Positive Sentence Harvesting Task
A Positive Sentence Harvesting Task a Knowledge Harvesting Task that requires the identification of sentences that contain the sought Semantic Relation.
- Context:
- Input: Training Cases.
- Output: Sentences that match the training cases.
- They typically do this by assuming that any sentence that contains all instances of the relation refer to the relation.
- Challenges:
- 1) Poor Matches Challenge
A challenge with the Positive Sentence Harverting phase is that the Training Cases may lead to the identification of sentences that contain a different relation than the one sought. One reason for this outcome is that the entities in the training cases may be ambiguous. For the PEOPLE entity type, for example, the name John Smith will match many individuals. If IsSiblingTo() is the Semantic Relation sought then having a training case such as: (John Smith,Jane Smith) will match many sentences that refer to different people than the ones intended. John Smith and Jane Smith may instead be in a IsParentTo() relation, or may simply be acquaintences with the same last name... However, this problem is likely not a significant one in that it is likely that most of training cases will uniquely identify a sentence with a correct relation. For the pair (Alan Turing,John Turing) for example, only correct sentences would be retrieved (if any). … This problem could be alleviated by Multi-document Coreference Resolution.
- 2) No Matches Challenge
A challenge with the Positive Sentence Harverting phase is that the training cases given will not lead to the identification of any sentences. For the pair (Alan Turing,John Turing) for example, a Google search found no sentences with both names on them. … This problem could be alleviated by Discourse-level Analysis which may for example
- “Alan Mathison Turing was born on 23rd June 1912 to Julius Mathison Turing and Ethel Sara Turing. Alan was the second child of the couple; he had an elder brother named John. Alan Turing is now thought of as the godfather of modern computing science but he was unappreciated in his own lifetime particularly in the early years. He was born into the British upper middle class where science was looked down upon rather boys should grow up to become lawyers as John Turing did."
- 1) Poor Matches Challenge
- Example(s):
- If the pair (Alan Turing,John Turing) is a (IsSiblingTo()) training case for example, it will look for sentences that contain both names. For this example likely lead to few, if any, such sentences.

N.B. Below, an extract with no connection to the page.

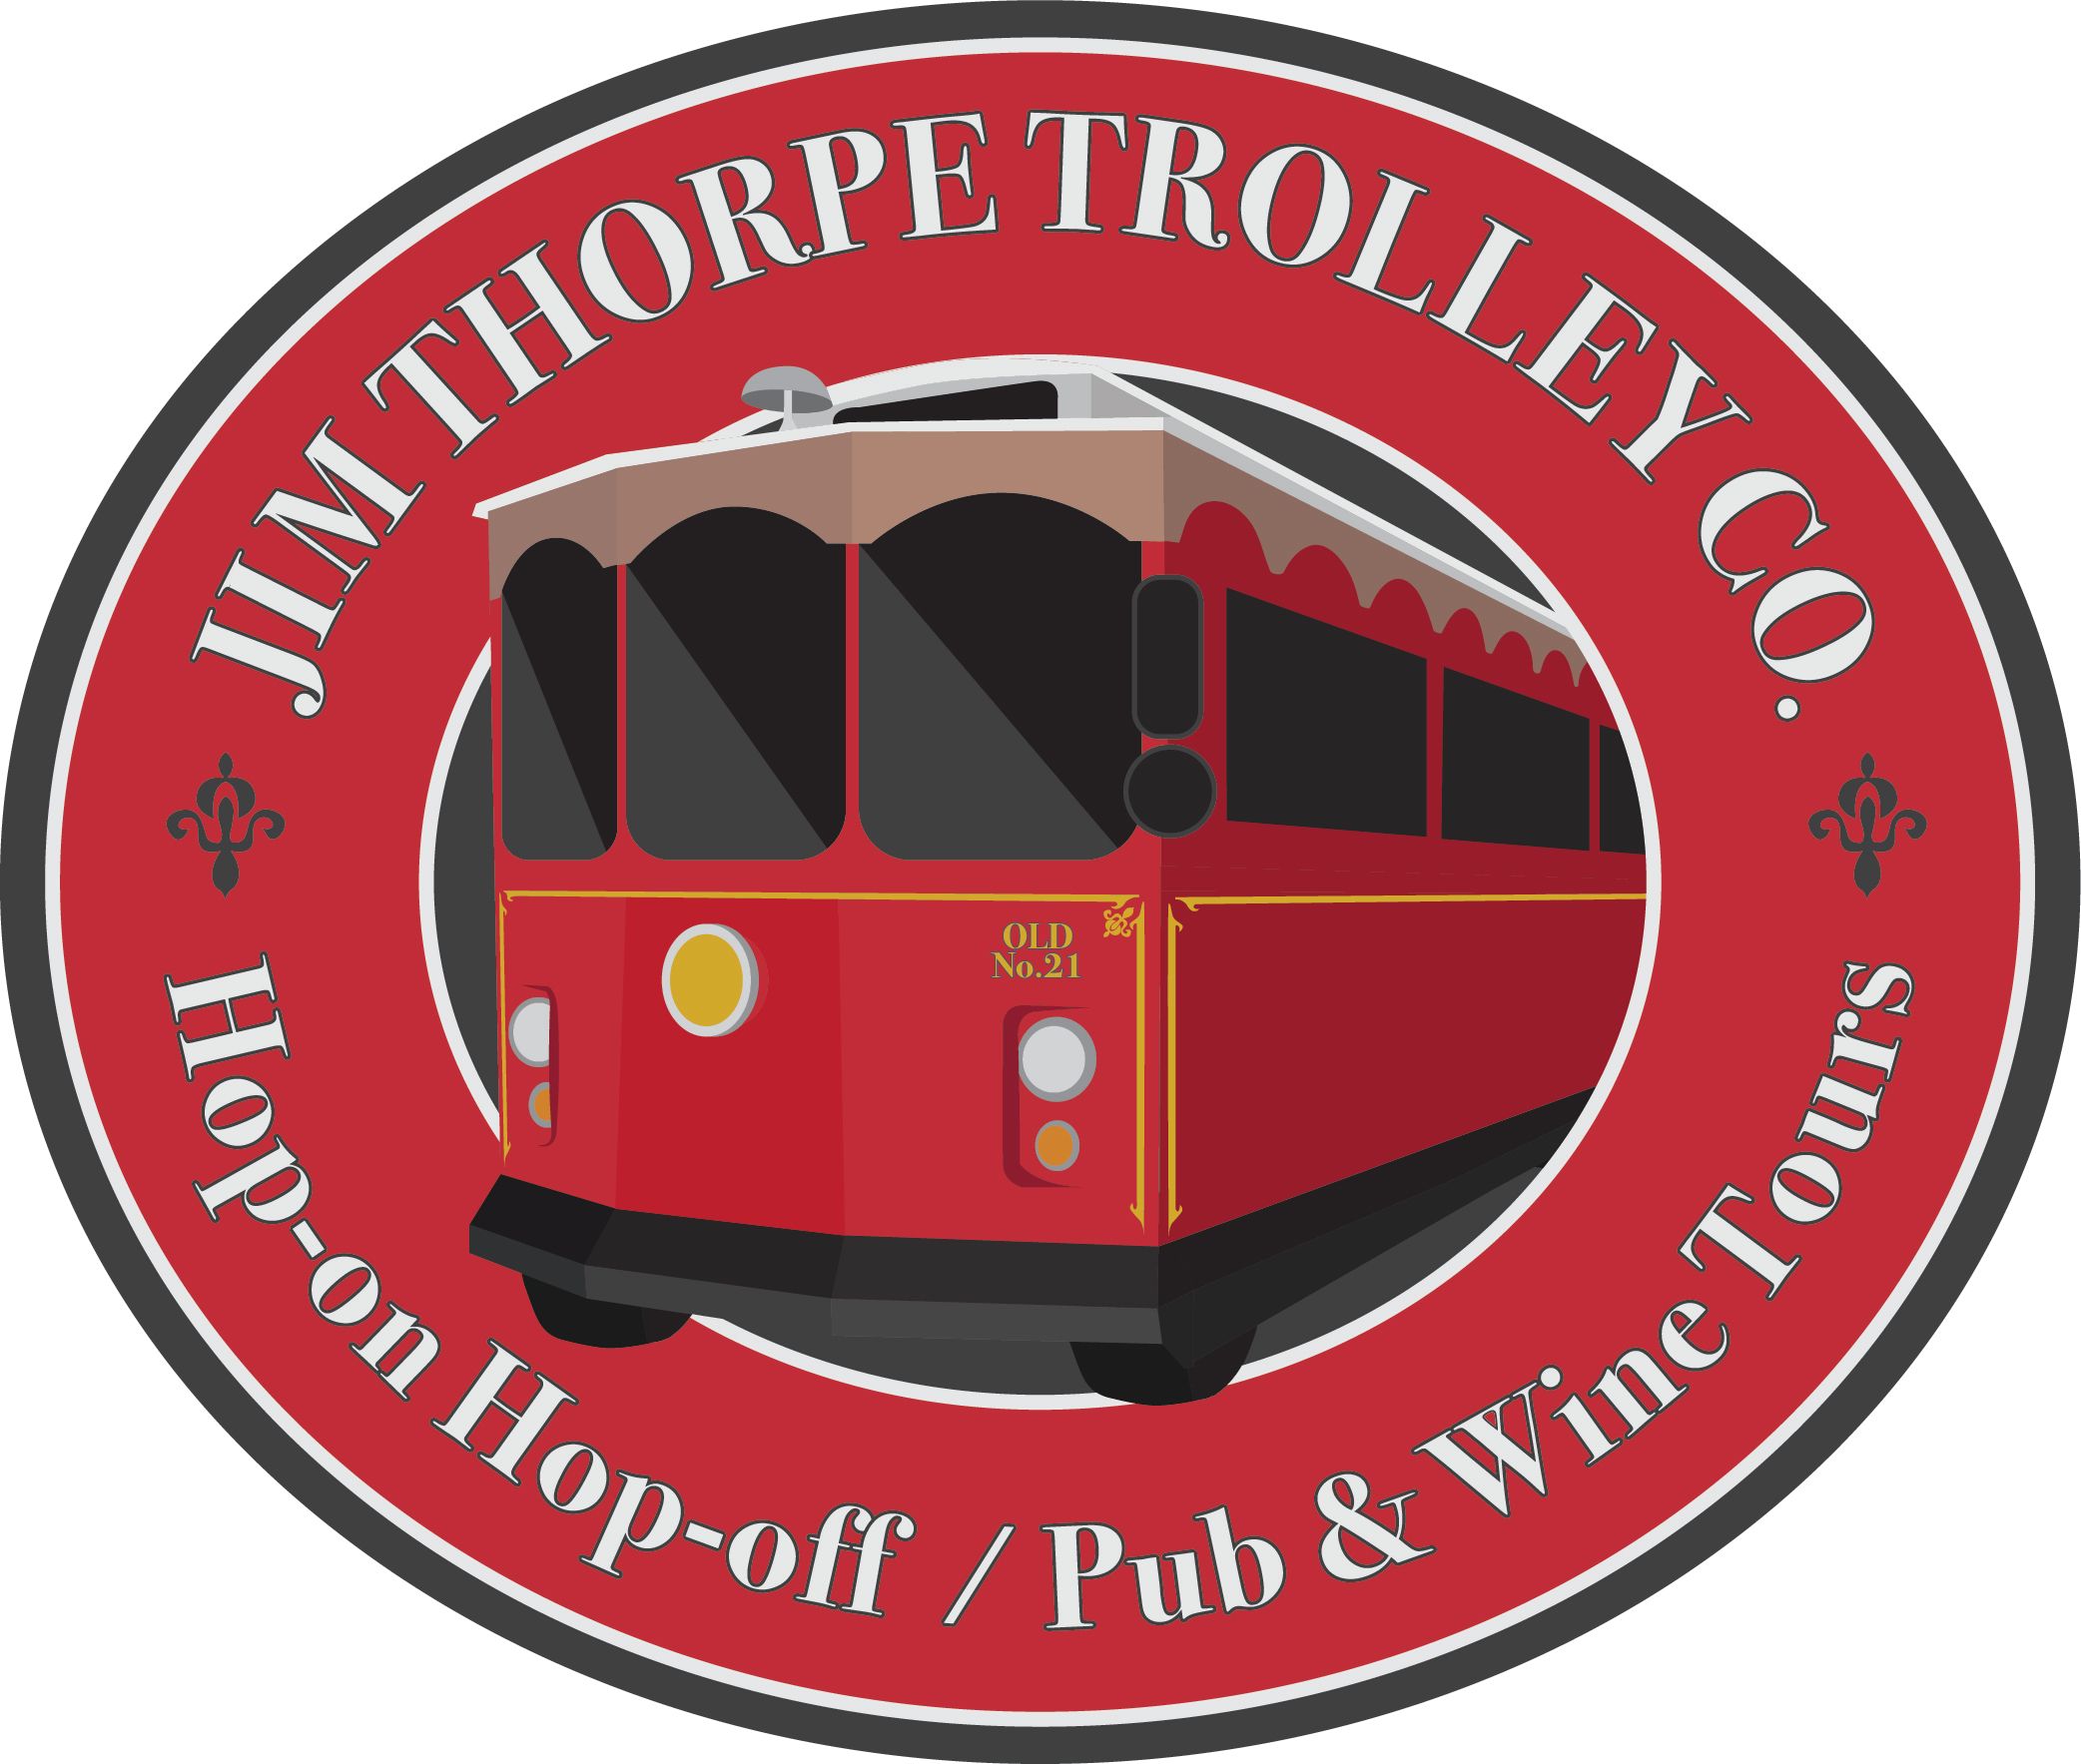 Jim Thorpe Trolley Company, Pocono Region, Historic, Wine and Dinner Tours

- If the pair (John Smith,Jane Smith) is a (IsSpouseTo()) training case for example, it will look for sentences that contain both names. For this example likely lead to many erroneous sentences.
- …
- Counter-Example(s):
- See: Relation Recognition, Snowball, LEILA.
References
2018
- (Chisholm, 2018) ⇒ Andrew Chisholm (2018). "Web Knowledge Bases". PhD Thesis. School of Information Technologies. University of Sydney
- QUOTE: kbs have been used to investigate the interaction between structured facts and unstructured text. Generating textual templates that are filled by structured data is a common approach and has been used for conversational text (Han et al., 2015) and biographical text generation (Duma and Klein, 2013). Wikipedia has also been a popular resource for studying biography, including sentence harvesting and ordering (Biadsy et al., 2008), unsupervised discovery of distinct sequences of life events (Bamman and Smith, 2014) and fact extraction from text (Garera and Yarowsky, 2009).